- What is being asked: Exactly reproduce the lines from the line bearing "Cholera auftrat. Stockfoto" through the end of the listing, inclusive of both; pictures are to be omitted.

- Records for this task:

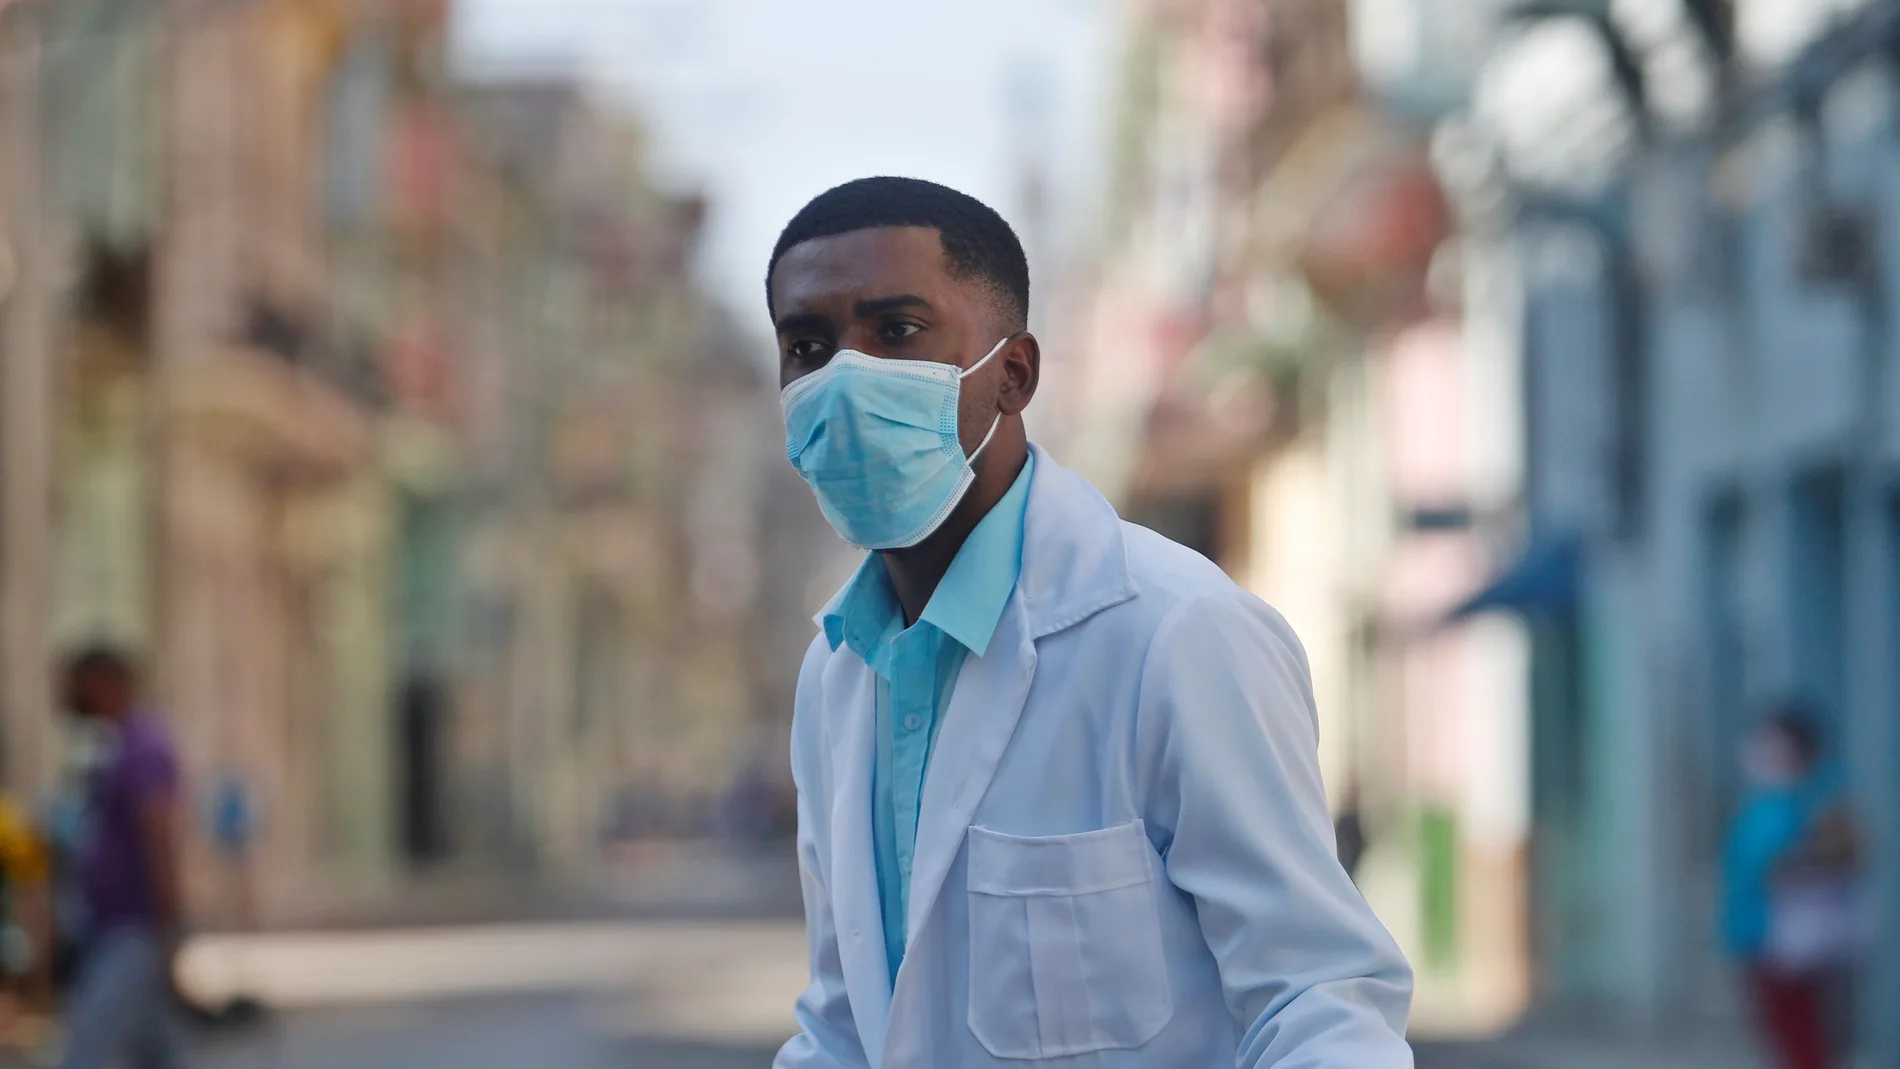 AME3194. LA HABANA (CUBA), 04/02/2021.- Un trabajador de la salud usa hoy mascarilla para protegerse de la pandemia, en La Habana (Cuba). Cuba sobrepasó este jueves los 30.000 contagios de la covid-19 en 11 meses de pandemia, al reportar 816 nuevos casos diarios de la enfermedad causada por el virus del SARS-CoV-2, según el parte del Ministerio de Salud Pública (Minsap). EFE/Yander Zamora
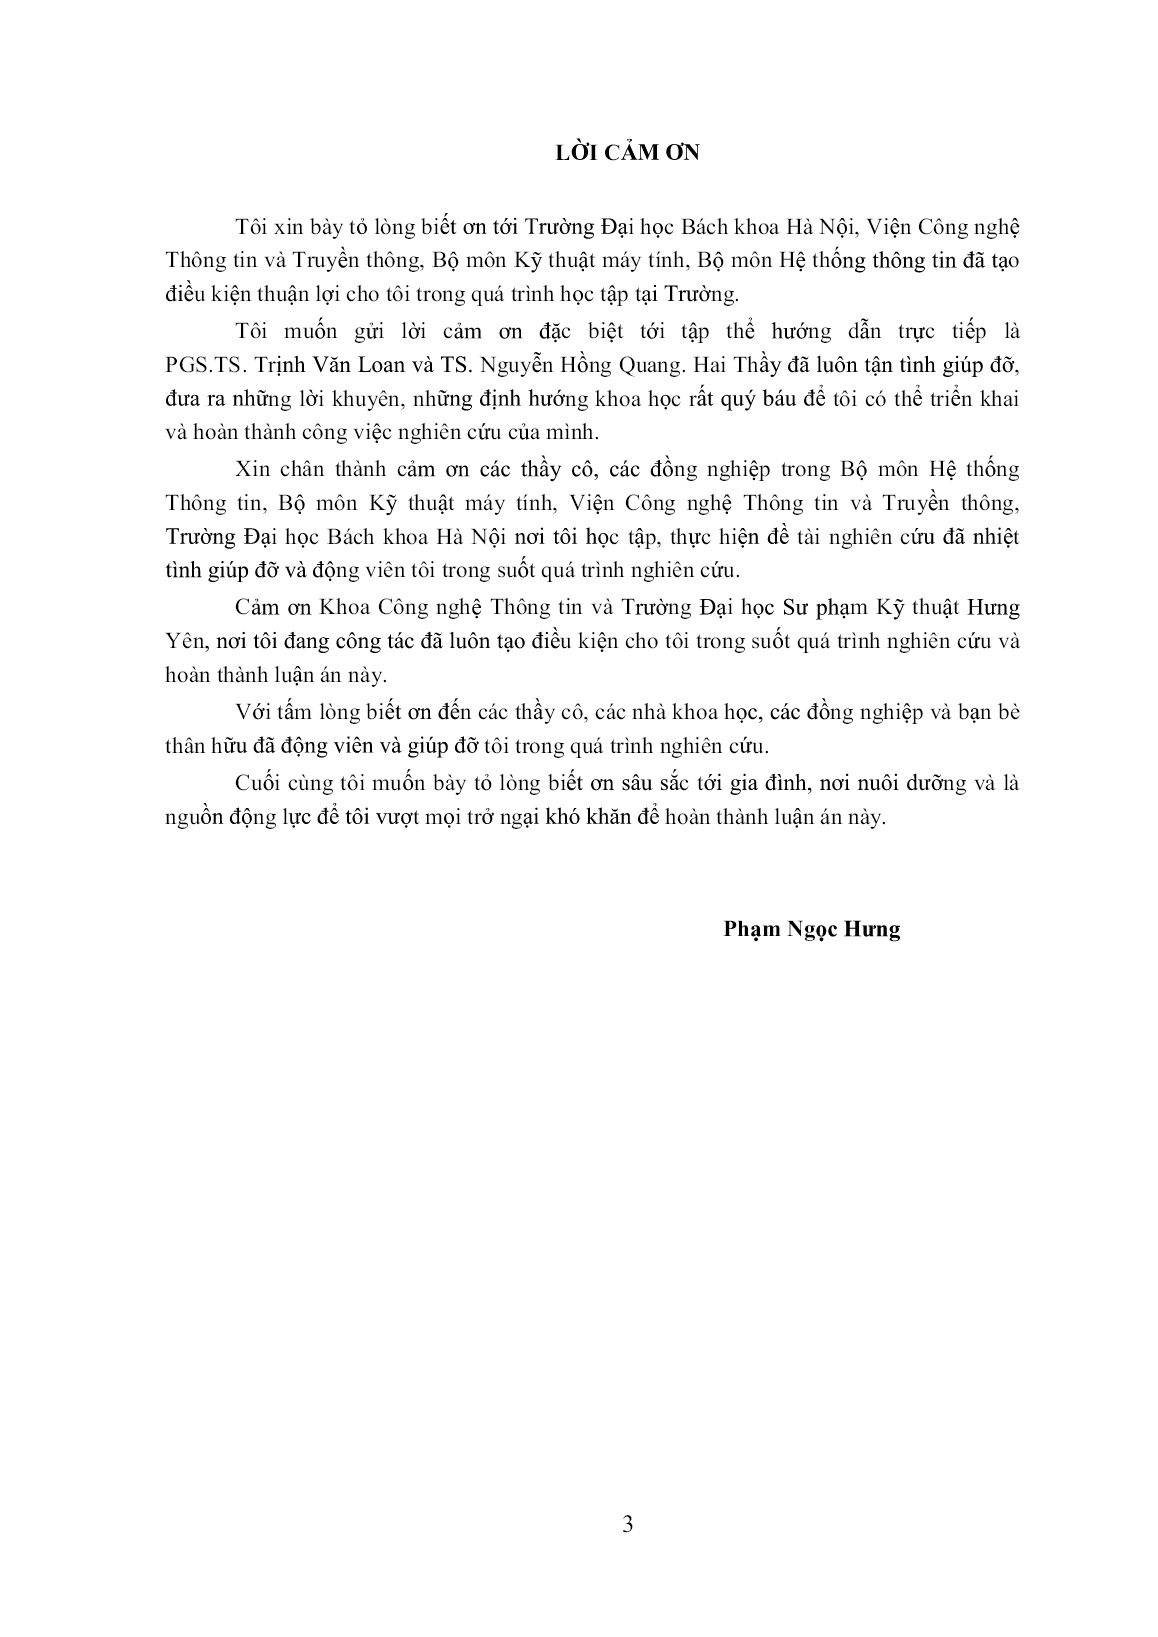 Luận án Nhận dạng tự động tiếng nói phát âm liên tục cho các phương ngữ chính của tiếng Việt theo phương thức phát âm trang 3
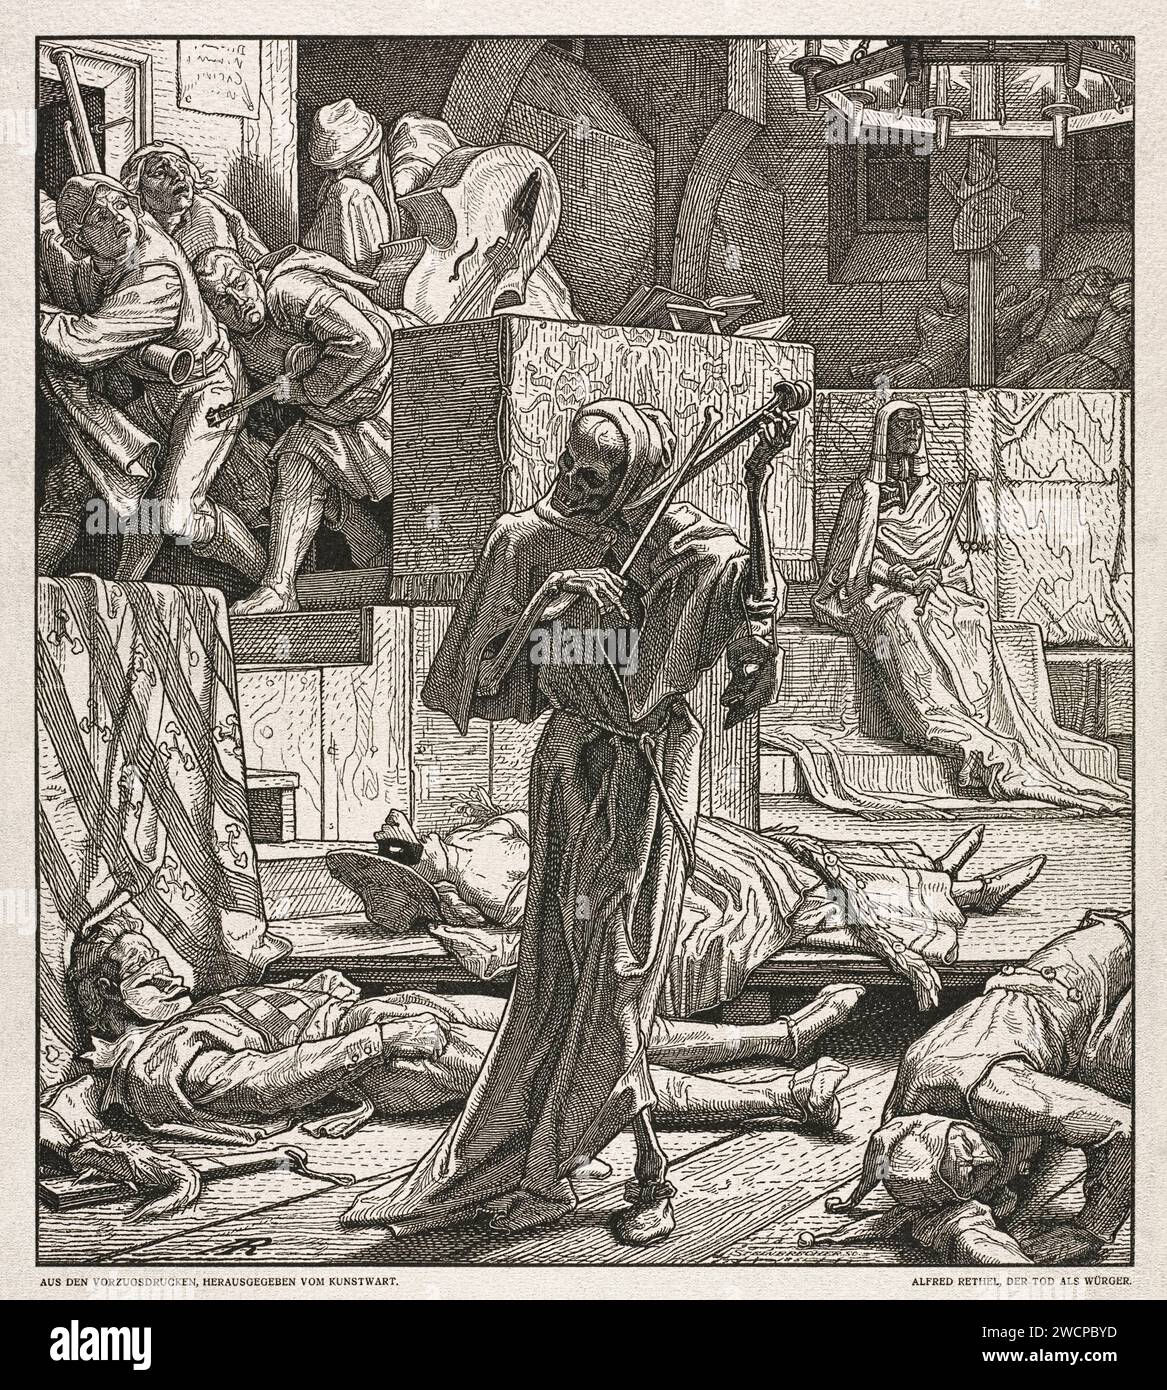 „Der Tod als Erwürger“ 1850 Holzschnitt von Alfred Rethel (1816-1859), der den Tod zeigt, der 1831 in Paris einen maskierten Ball besuchte, bei dem erstmals ein Ausbruch von Cholera auftrat. Stockfoto
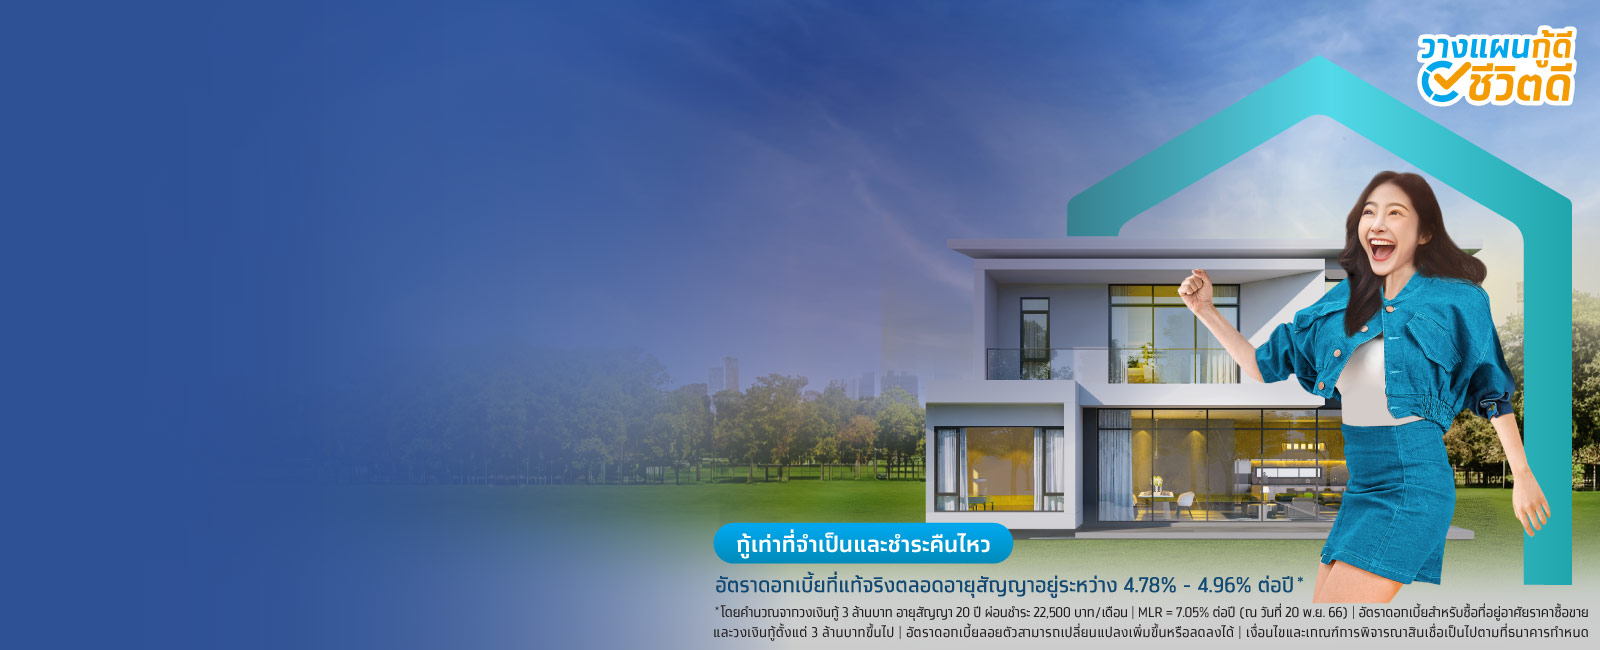 สินเชื่อบ้านกรุงไทย กู้ซื้อบ้าน กู้เงินสร้างบ้าน ผ่อนบ้านกับธนาคาร
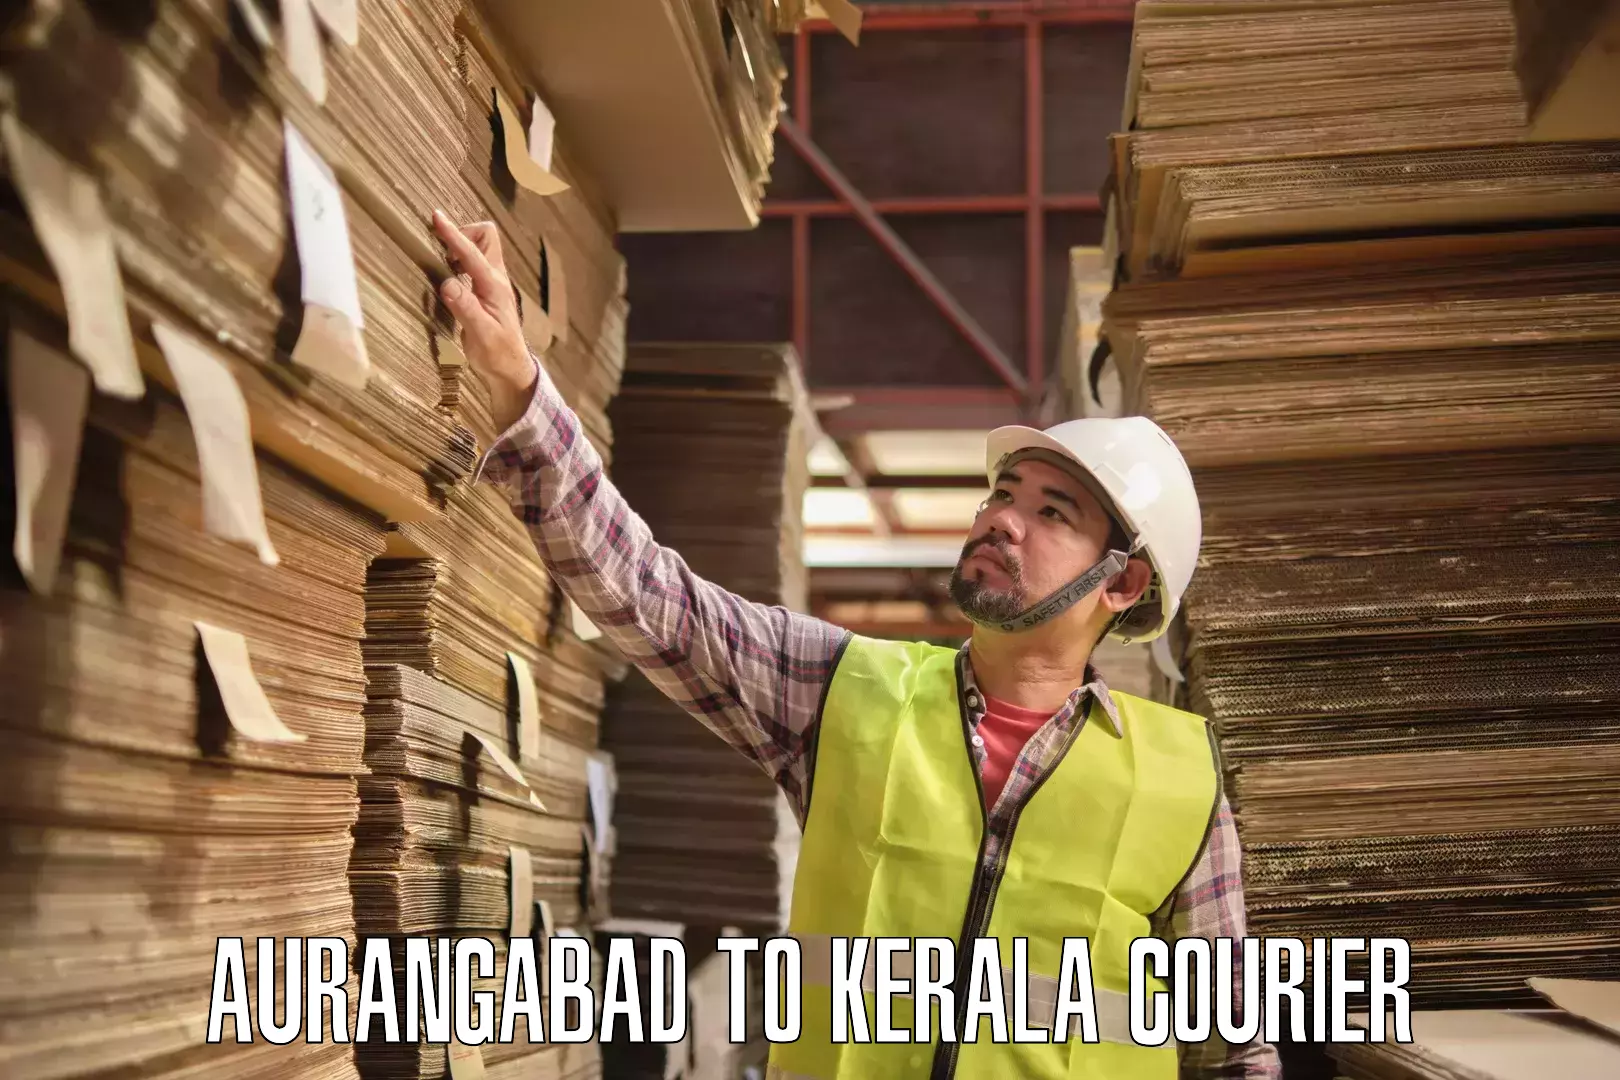 Cost-effective courier options Aurangabad to Kayamkulam

- Answer to the exercise:
 „Der Tod als Erwürger“ 1850 Holzschnitt von Alfred Rethel (1816-1859), der den Tod zeigt, der 1831 in Paris einen maskierten Ball besuchte, bei dem erstmals ein Ausbruch von Cholera auftrat. Stockfoto
 สินเชื่อบ้านกรุงไทย กู้ซื้อบ้าน กู้เงินสร้างบ้าน ผ่อนบ้านกับธนาคาร
 Cost-effective courier options Aurangabad to Kayamkulam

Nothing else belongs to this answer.